COLUMNA DE PEPEPREGUNTÓN

Circo 2030

¿A usted le preguntaron? A mí tampoco. Algún iluminado decidió por todos nosotros que Uruguay debe trabajar para ser junto a Argentina y Paraguay sede de la Copa del Mundo 2030 de la FIFA.

Los que siempre se van al amague, entraron de inmediato. Los que solo piensan en la pelotita, locos de la vida. ¿Y el resto? ¿No queda acaso nadie capaz de mirar las cosas con serenidad y perspectiva? ¿No hay nadie que al menos cuestione la pertinencia de que un país en nuestra situación, con nuestro tamaño y nuestras carencias, pueda embarcarse en esta aventura sin que medie, al menos, un análisis en profundidad de los beneficios y las amenazas que una empresa así supondría para el Uruguay y los uruguayos?

Por estos días han aparecido funcionarios de gobierno y personas vinculadas al proyecto anunciando una inversión de entre 250 y 300 millones de dólares para remodelar o reconstruir el Estadio Centenario (hablando incluso hasta de demolerlo y reemplazarlo por uno nuevo), y la construcción de un nuevo coliseo en el interior del país con capacidad para 40 mil personas que insumiría otros 300 millones de dólares.

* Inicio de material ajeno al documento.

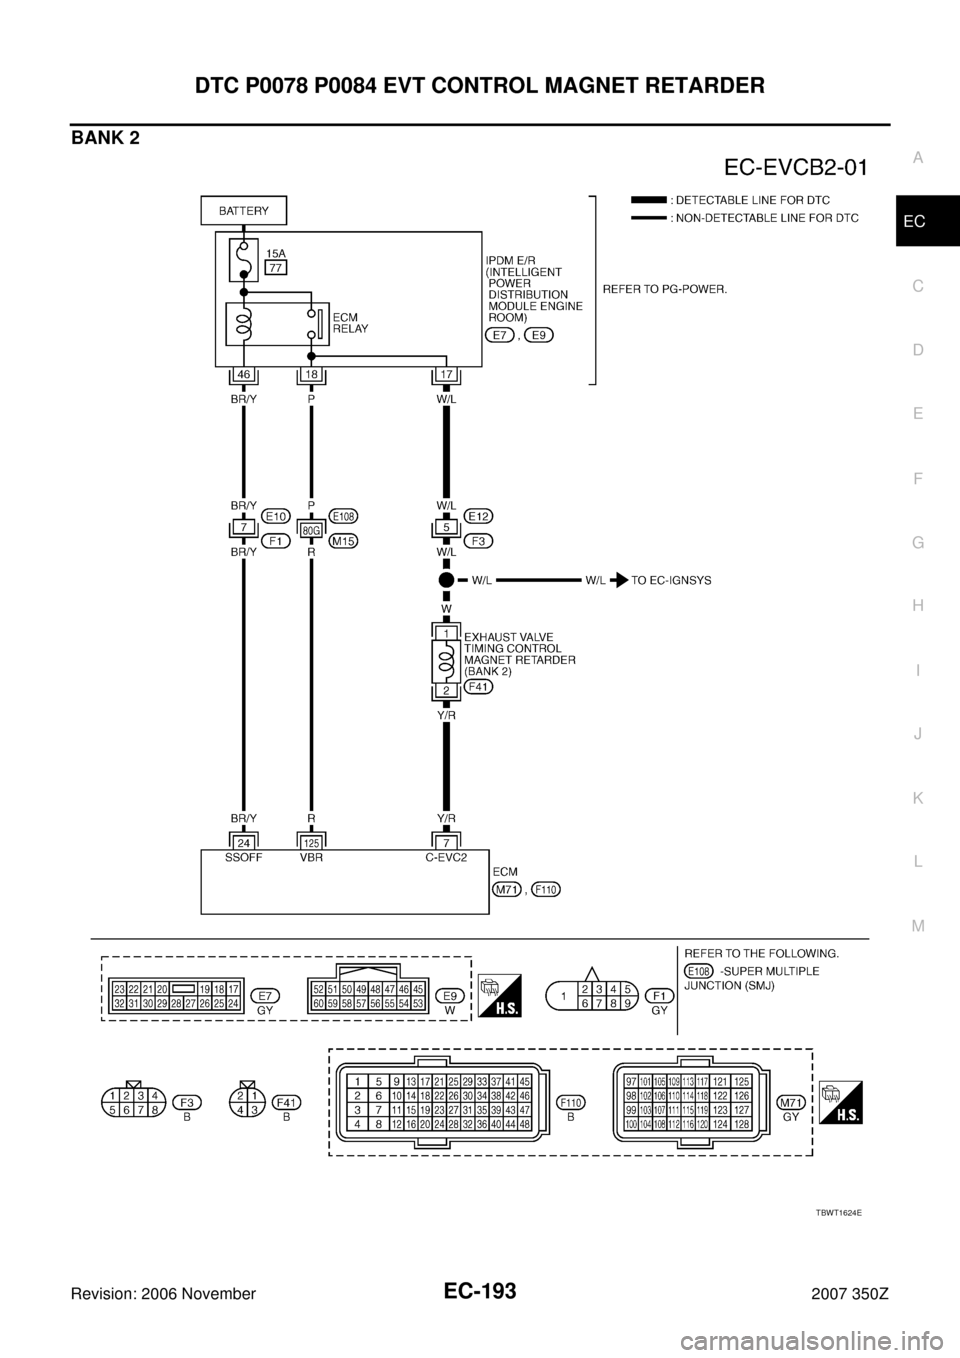 NISSAN 350Z 2007 Z33 Engine Control Service Manual DTC P0078 P0084 EVT CONTROL MAGNET RETARDER
EC-193
C
D
E
F
G
H
I
J
K
L
MA
EC
Revision: 2006 November2007 350Z
BANK 2
TBWT1624E

Todo para albergar dos subsedes y, se dice, la final de la Copa.

¿Están hablando en serio? ¿De verdad consideran que ese sería, por ejemplo, el destino prioritario que el país debería dar a 600 millones de dólares en los próximos doce años? ¿Y cuánto costaría en total la organización? ¿Mil millones de dólares? ¿Dos mil o tres mil? ¿En qué país viven?

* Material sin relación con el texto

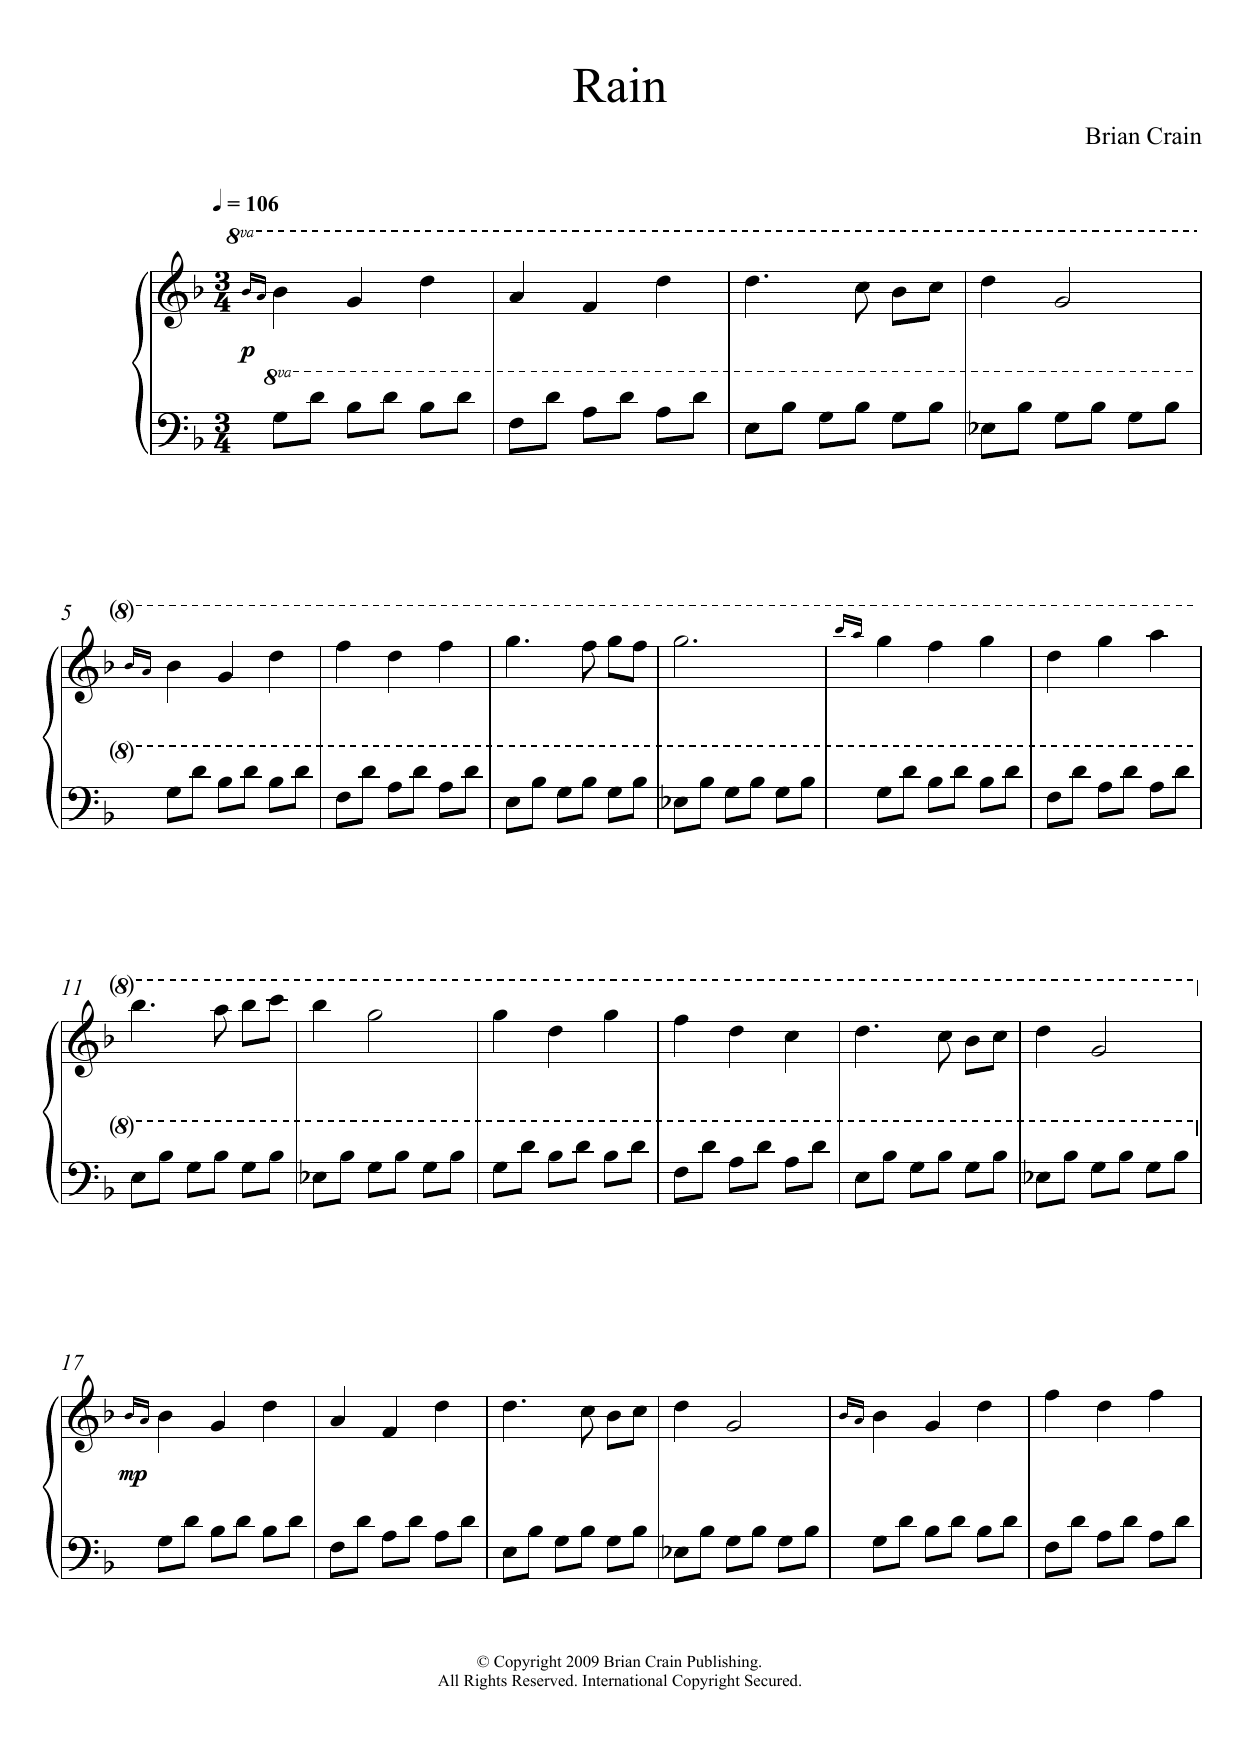 Brian Crain Rain Sheet Music Notes & Chords for Piano - Download or Print PDF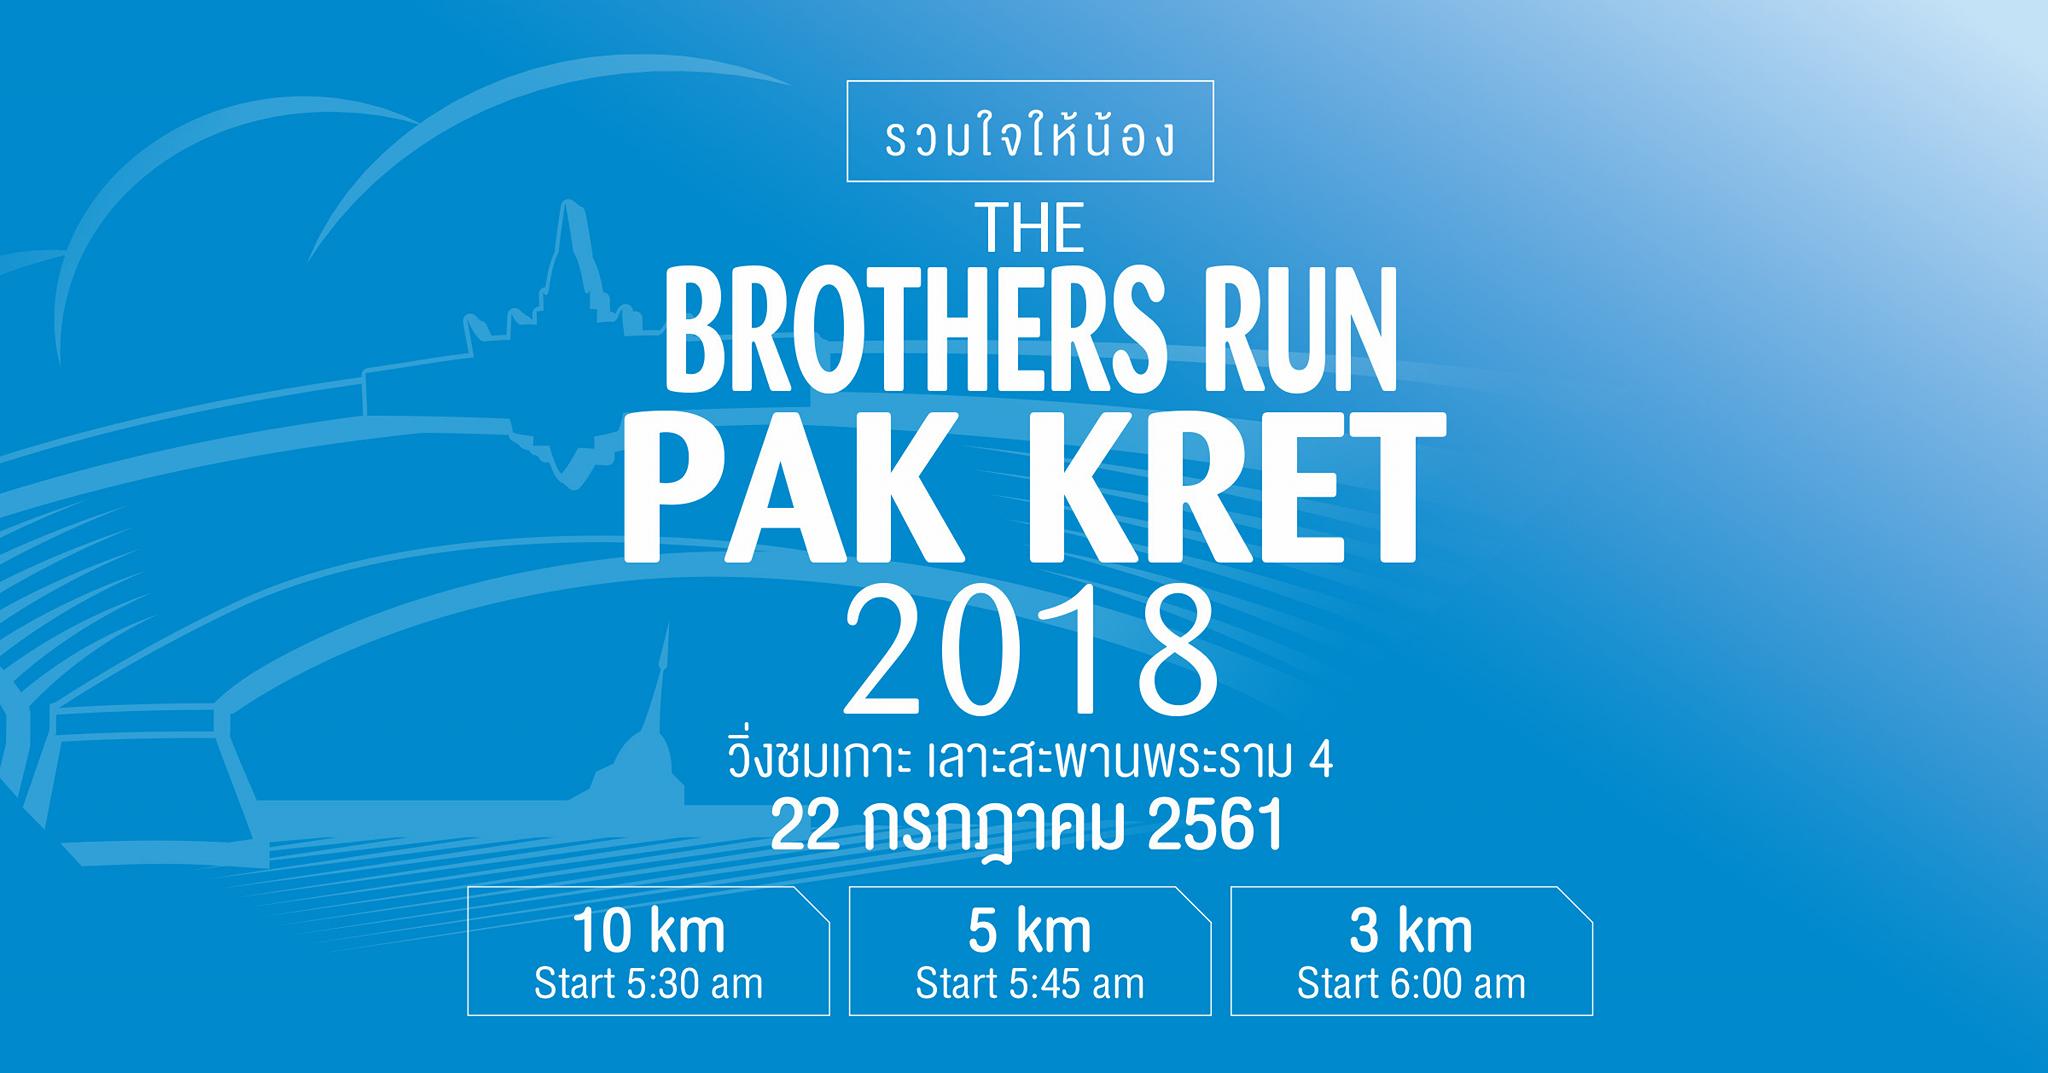 The Brothers Run Pak Kret 2018

¿Se han enterado, por ejemplo, que la educación en Uruguay se cae a pedazos y que construir un nuevo liceo, por ejemplo, requiere de una inversión de un millón de dólares? ¿Dónde será mejor invertir 600 o mil y algo de millones de dólares? ¿En un campeonato de fútbol, por importante que éste sea, o en el futuro de nuestros niños y jóvenes?

¿De dónde estarán pensando que van a sacar ese dinero? ¿Querrán endeudar al país más de lo mucho que lo han endeudado ya en estos años de increíble bonanza? ¿O irán a subir los impuestos y las tarifas públicas, que es de donde suelen sacar los recursos para todo aquello que se les antoja, sin pensar en las consecuencias?

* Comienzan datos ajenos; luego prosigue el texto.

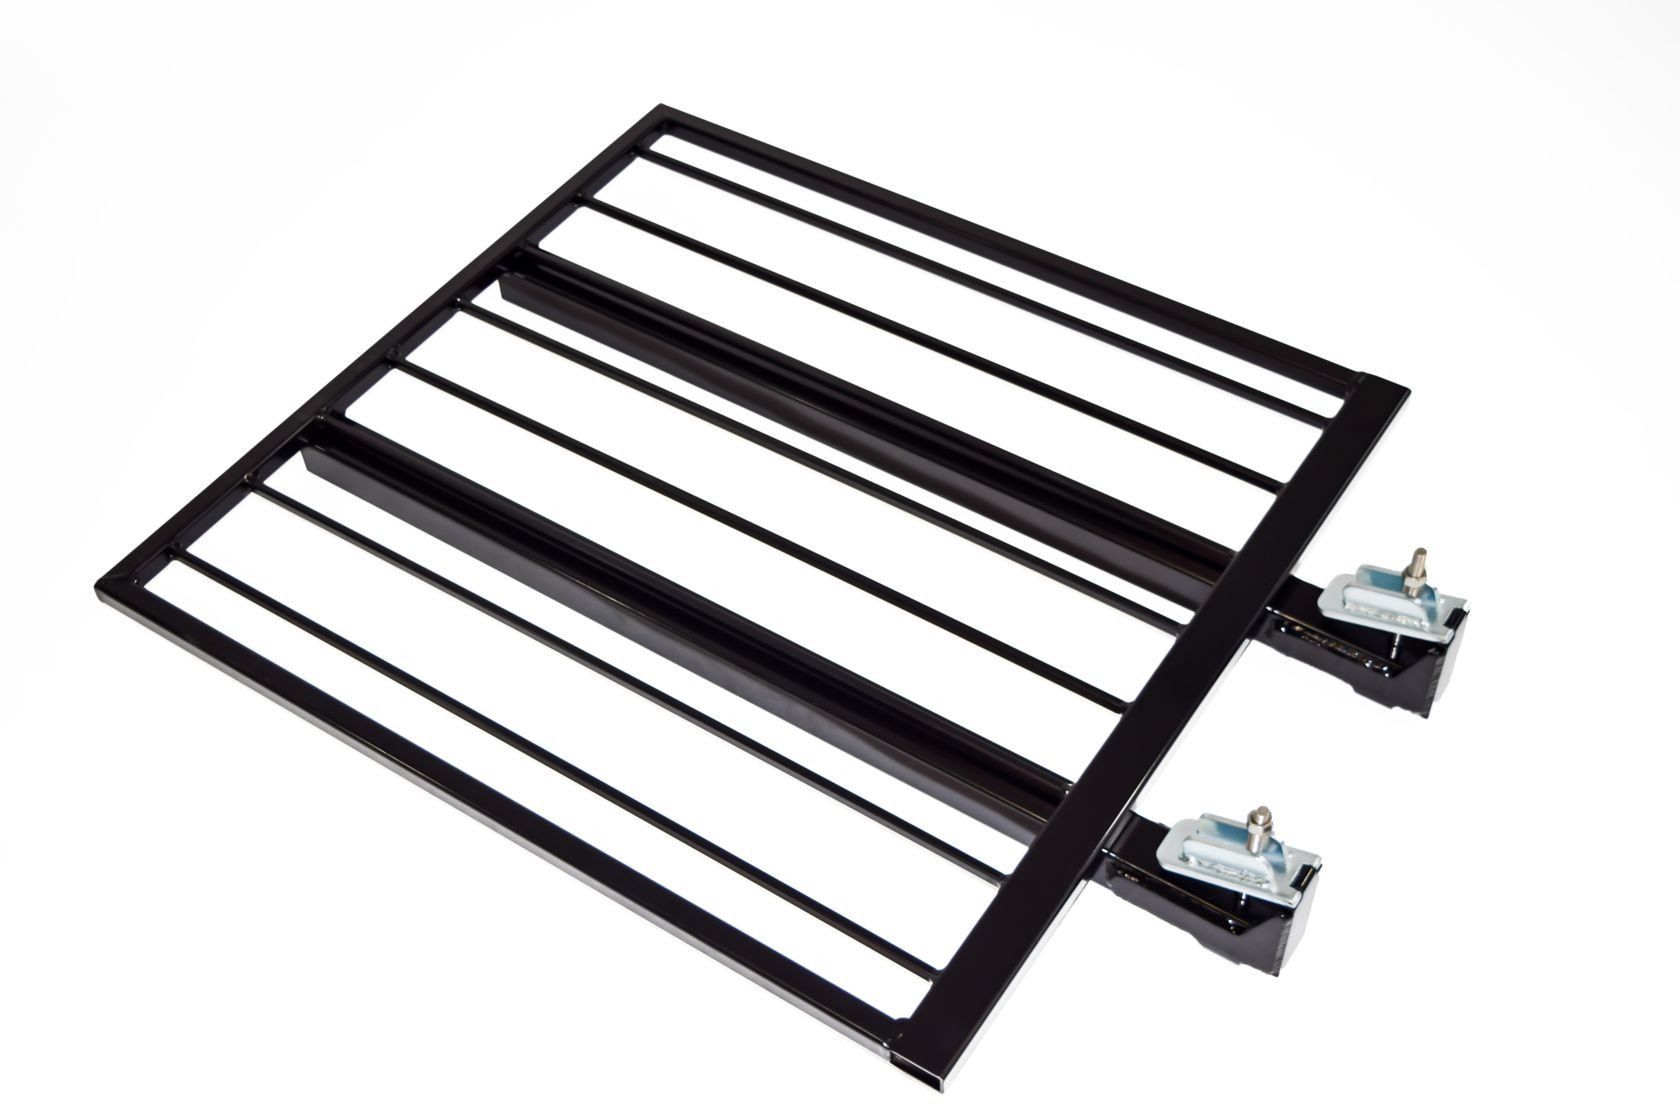 Aluminum Guardrail Frame (Code compliant for public use) Black Finish 3'x36

El país está virtualmente frenado. La inversión va en caída y el desempleo aumenta. El Pit-Cnt pide que se sigan aumentando los salarios de los empleados públicos y el gobierno discute cómo hacerlo sin agravar el ya elevadísimo déficit fiscal. ¿Puede seriamente un país en esta situación pensar en disputar con otros candidatos, como por ejemplo la mismísima China, la organización de una Copa del Mundo?

¿No ven el estado en que quedaron los estadios que se levantaron para la Copa América de 1995 y el poco uso que tienen? ¿No se enteraron de lo que sucedió en Brasil con algunos de los grandes estadios construidos para la Copa de 2014?

¿Alguien va a decir lo que hay que decir en voz alta o es que ya no hay nadie que se atreva a alzarse contra el Circo?